According to a report released by the board earlier this year, landlords had higher costs due to an increase in fuel, insurance, and maintenance costs.

But the board also found that a majority of rent-stabilized tenants paid roughly one-third or more of their entire income on rent in 2022; those who spend more than 30 percent of their income on rent are considered rent burdened, according to federal guidelines.

The possible rent hikes also come as half of New York City households are struggling to pay for basic needs. A report released last month by the Fund for the City of New York found about 50 percent of working households can’t afford essential expenses like rent, health care, food, and transportation, up from 36 percent in 2021.

According to the New York Times, Tuesday’s board meeting was disrupted by tenant advocates and public officials protesting the proposed rent increases.  In a statement City Council Speaker Adrienne Adams said while it’s “relieving” the board did not approve the 16% increase previously debated, most New Yorkers still cannot afford the preliminary ranges.

“At a time when the City faces a housing crisis and affordability remains out of reach for too many, the board must recognize the immense economic strains that these rent increases would have on tenants,” Adams said in a statement. “As a City, we must equitably address our housing shortage and provide relief for all New Yorkers, including through the preservation of existing affordable units.”

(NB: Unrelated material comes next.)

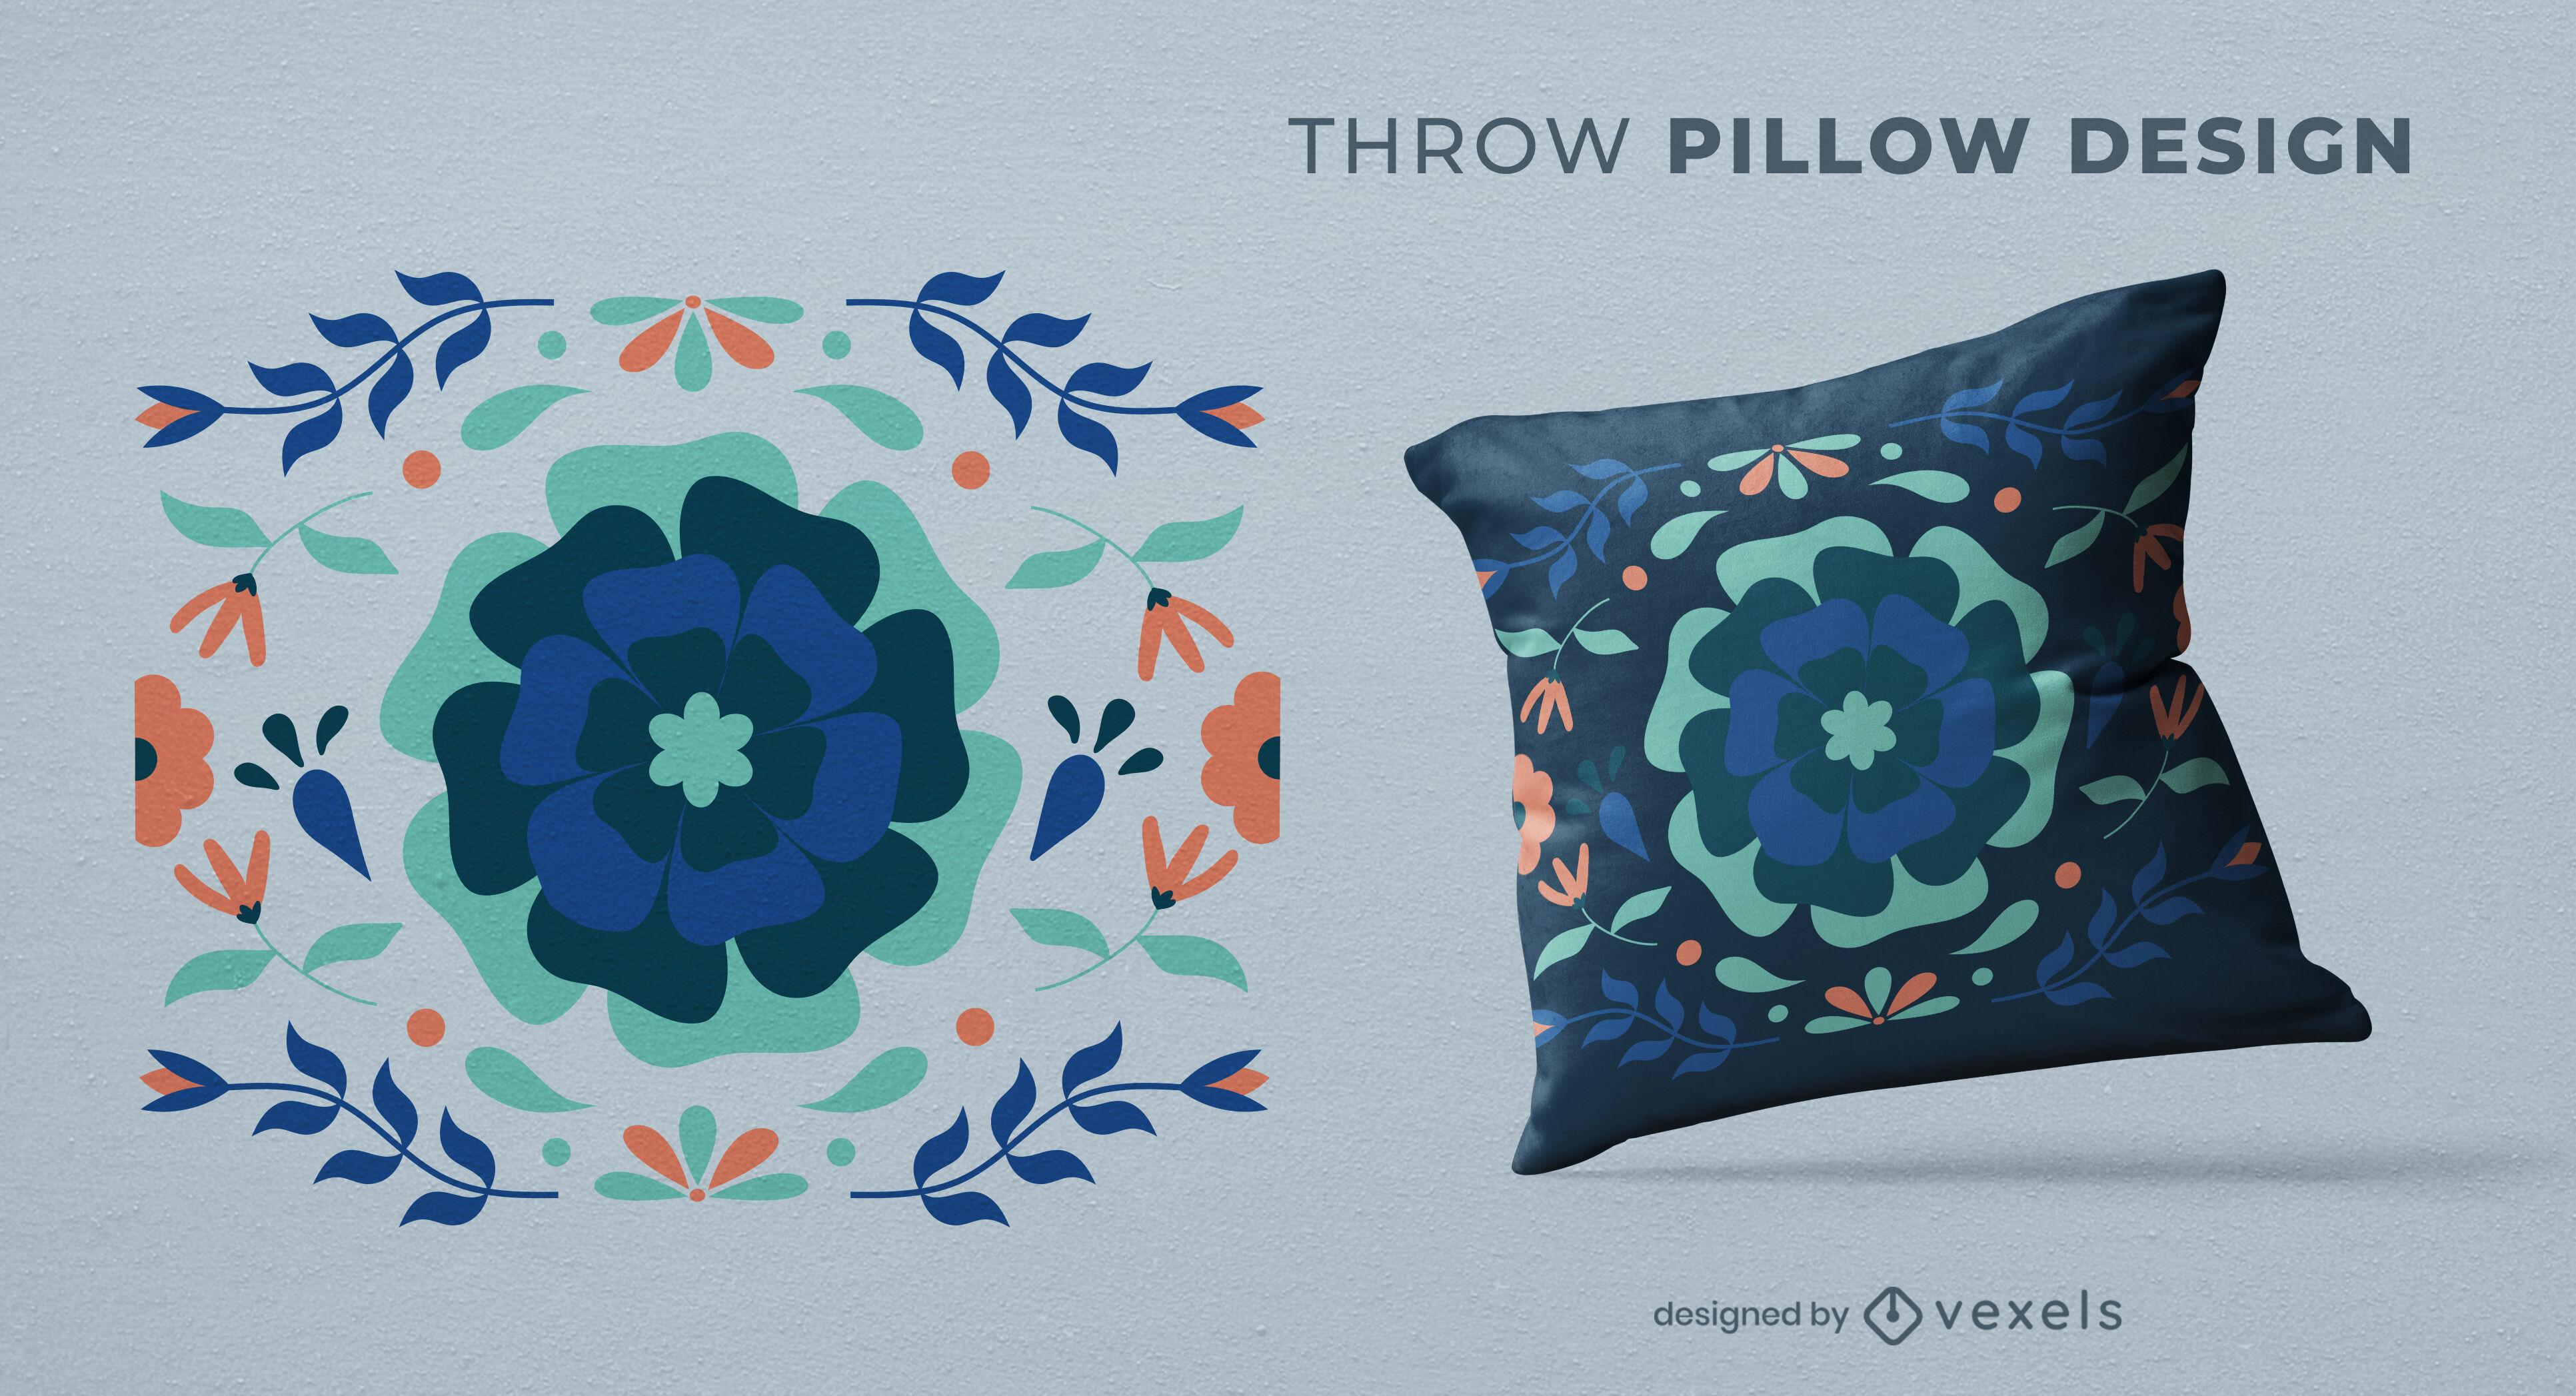 Flaches Dekokissen Design mit blauen Blumen

Mayor Eric Adams also released a statement following the preliminary vote that called the 7 percent increase “beyond what renters can afford and what I feel is appropriate this year.”

“I recognize that property owners face growing challenges maintaining their buildings and accessing financing to make repairs; at the same time, we simply cannot put tenants in a position where they can’t afford to make rent,” the mayor said.

“Members of the RGB are tasked with making independent decisions based on all available data. However, I hope they will look at options below the top of these preliminary ranges to strike the right balance to keep New Yorkers in their homes while providing building owners with the resources they need to provide safe, high-quality homes.”